Nel 1883 due nuove compagnie di navigazione, Anchor e Florio Lines, si aggiunsero alla lista di navi che trasportavano gli italiani in America. Visitavano i porti del Mediterraneo e navigavano direttamente verso New York, evitando Liverpool, Le Havre e Amburgo, fino a quel momento porti principali dell’emigrazione. Questa rotta più diretta comportò per gli italiani un costo minore. Intorno al 1885, persino i più poveri eoliani potevano permettersi il biglietto e si univano agli altri italiani che partivano per New York e si insediavano a Oswego.

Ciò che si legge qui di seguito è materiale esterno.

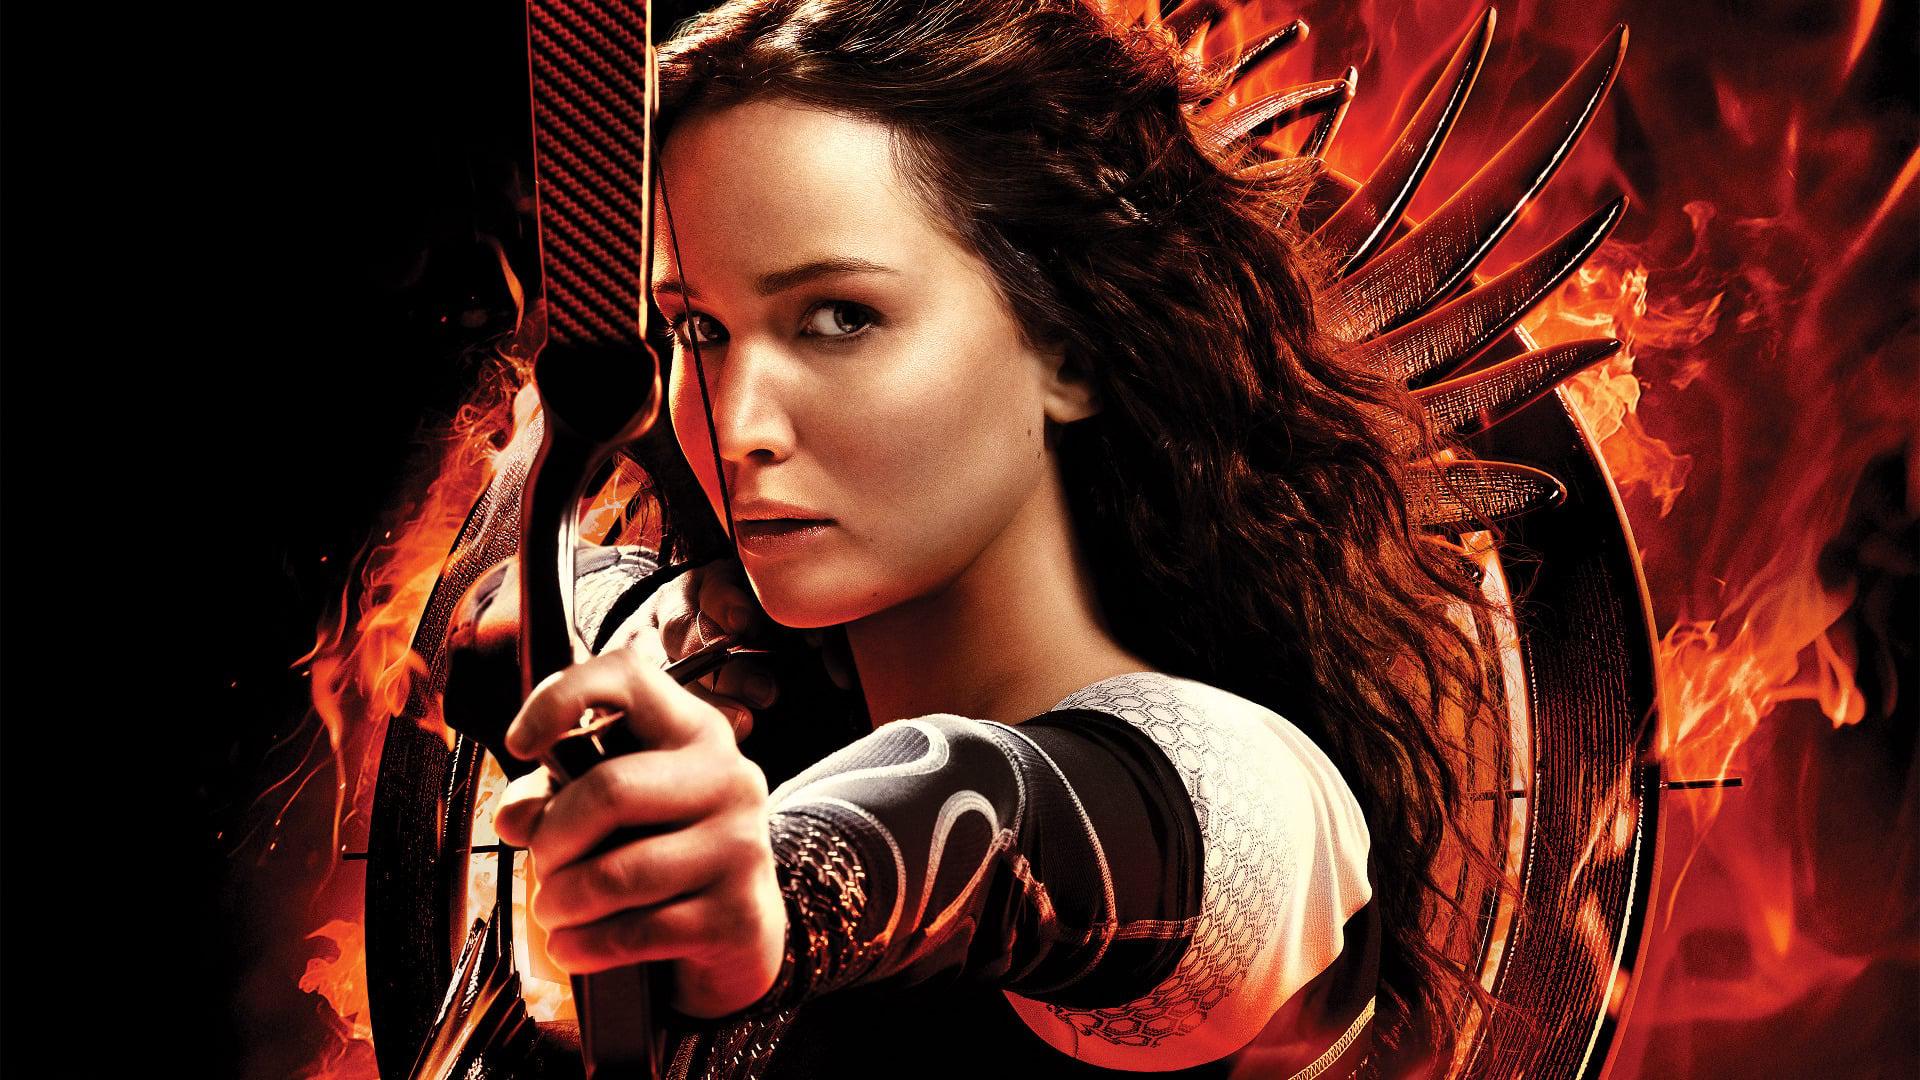 Backdrop Image for The Hunger Games: Catching Fire

In altre zone del paese nacquero distretti chiamati Little Italy dove gli immigrati potevano continuare con le loro tradizioni e la loro lingua anche nella loro nuova madrepatria. Anche a Oswego vi erano delle zone dove vivevano molti italiani. La maggior parte delle famiglie siciliane di Messina si stabilirono nel quartiere Second Ward, lungo la riva del lago sull’East Side. Si trattava di una delle zone meno desiderabili della città, ma era vicina alla ferrovia e alle fabbriche che fornivano lavoro. Gli italiani provenienti dalla terraferma invece si stabilirono nel Fifth Ward a sud e nel Third Ward: Willow, Liberty, Babcock, Herrik e Utica Street. Alcuni dei nuovi arrivati trovavano alloggio nelle casette di legno, altri in delle pensioni più grandi. Spesso trovavano ospitalità presso familiari, amici o compaesani. La famiglia Manfre è un tipico esempio di coloro che arrivarono a Oswego dalle Eolie e che qui misero radici. Giuseppe Manfre aprì la sua casa a ospiti come Giuseppe Cortese, anch’egli di Lipari, e ad altri italiani….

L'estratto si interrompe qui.